As can be seen, aliphatic (Ala, Val, Gly, Leu, and Ile), charged (Glu, Lys, Asp), and polar (Thr) amino acid residues are overrepresented in the Hsp60 sequences of all 19 phyla (Figure 3a). The average content of these amino acid residues for 19220 Hsp60 sequences ranges from 6.2±1.1% for Thr to 12.7±1.9 for Ala (Supplementary, AA composition of Hsp60). In turn, aromatic amino acid residues (Phe, Tyr, His, and Trp) and Cys are underrepresented and their content ranges from 0.2±0.3% (Cys) to 1.6±0.4% (Phe) (Figure 3a; Supplementary, AA composition of Hsp60).

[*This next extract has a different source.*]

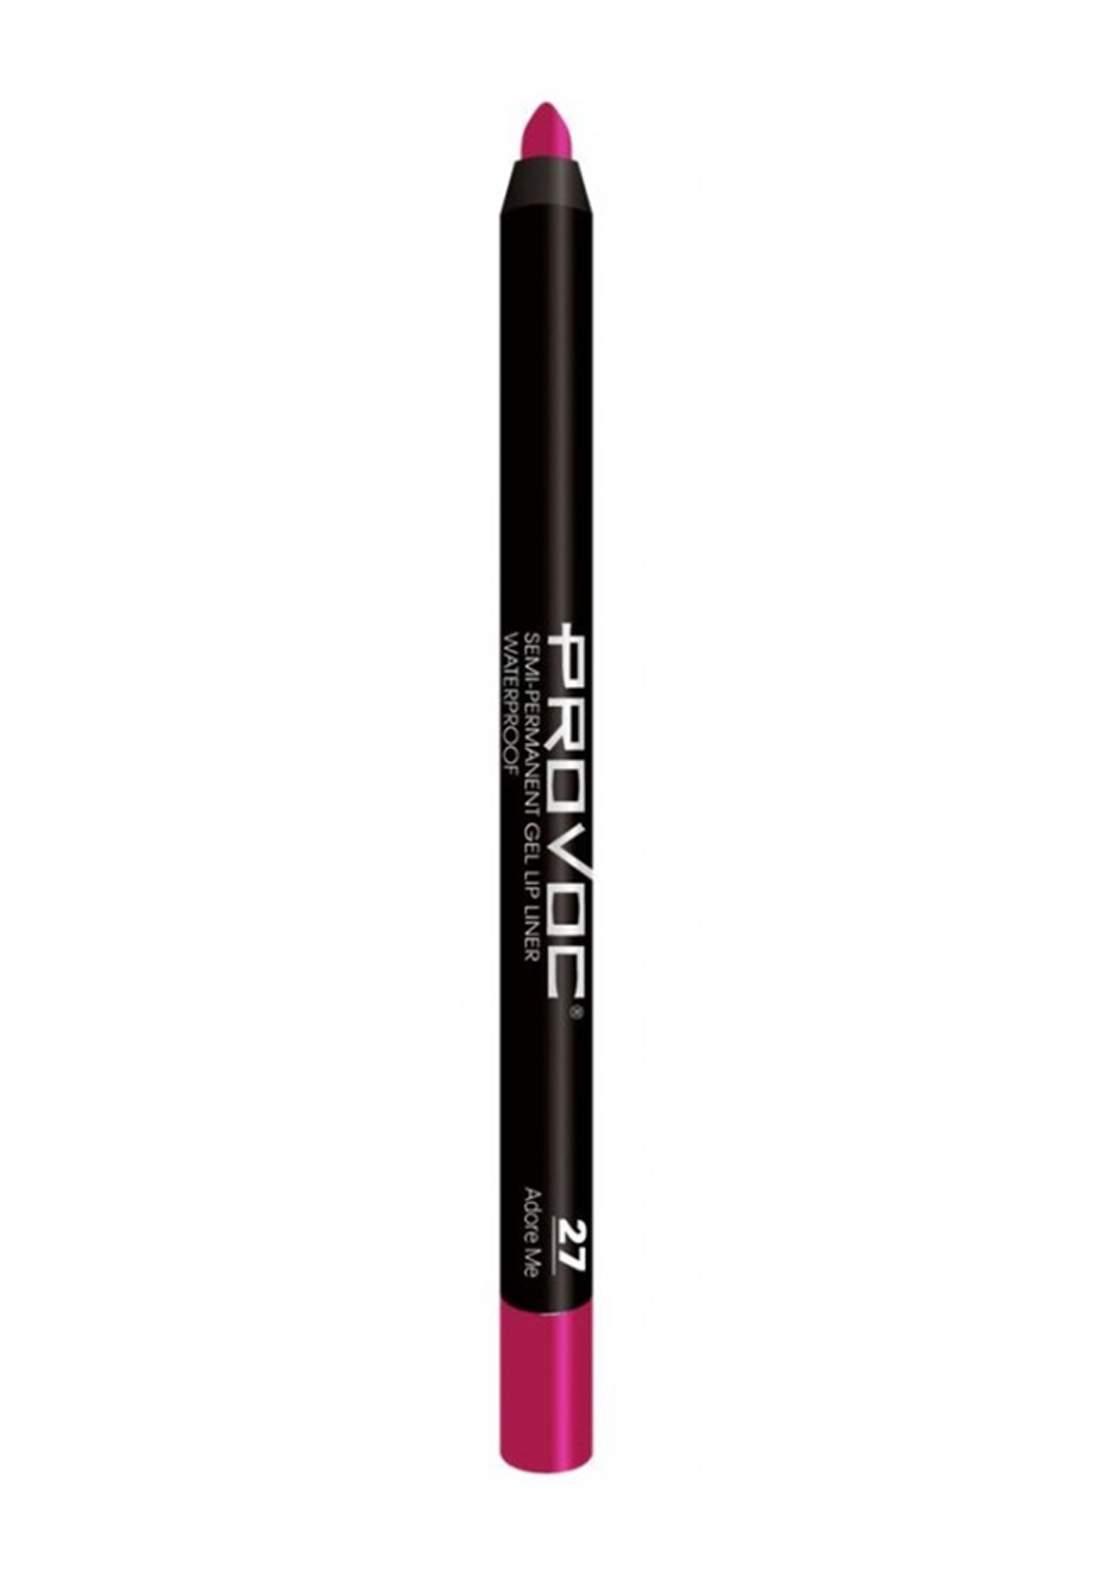 Provoc 353-0044 Semi Permanent Gel Lip Liner Pencil No.27 27 Adore Me محدد الشفاه

To assess the amino acid composition of Hsp60s relative to proteomic values (Supplementary, AA Composition of proteomes), amino acid profiles of Hsp60 sequences were determined for each of 19 phyla (Figure 3b).
The average content of aliphatic (Ala, Val, Gly, and Ile), charged (Glu, Lys, and Asp), and polar (Thr) amino acid residues in Hsp60 sequences is not only high, but also higher than the average proteomic values for almost all phyla (Figure 3b). The high content of aliphatic amino acid residues may indicate the structural stability of these proteins15. The content of Pro, aromatic (Phe, Tyr, His, and Trp) and polar (Ser and Cys) amino acid residues was low and lower compared to the average proteomic values. In general, according to the summary amino acid profile, no matter how evolutionarily distant the 19 phyla are from each other, the amino acid composition of their Hsp60 sequences remained the same, as its correlation with the amino acid composition of the corresponding proteome.
Despite the low PID values both within and between phyla, functionality and domain structure41–45 of Hsp60 persisted over time. It can be assumed that these features largely depended on the amino acid composition, i.e. on the percentage content of amino acids in Hsp60.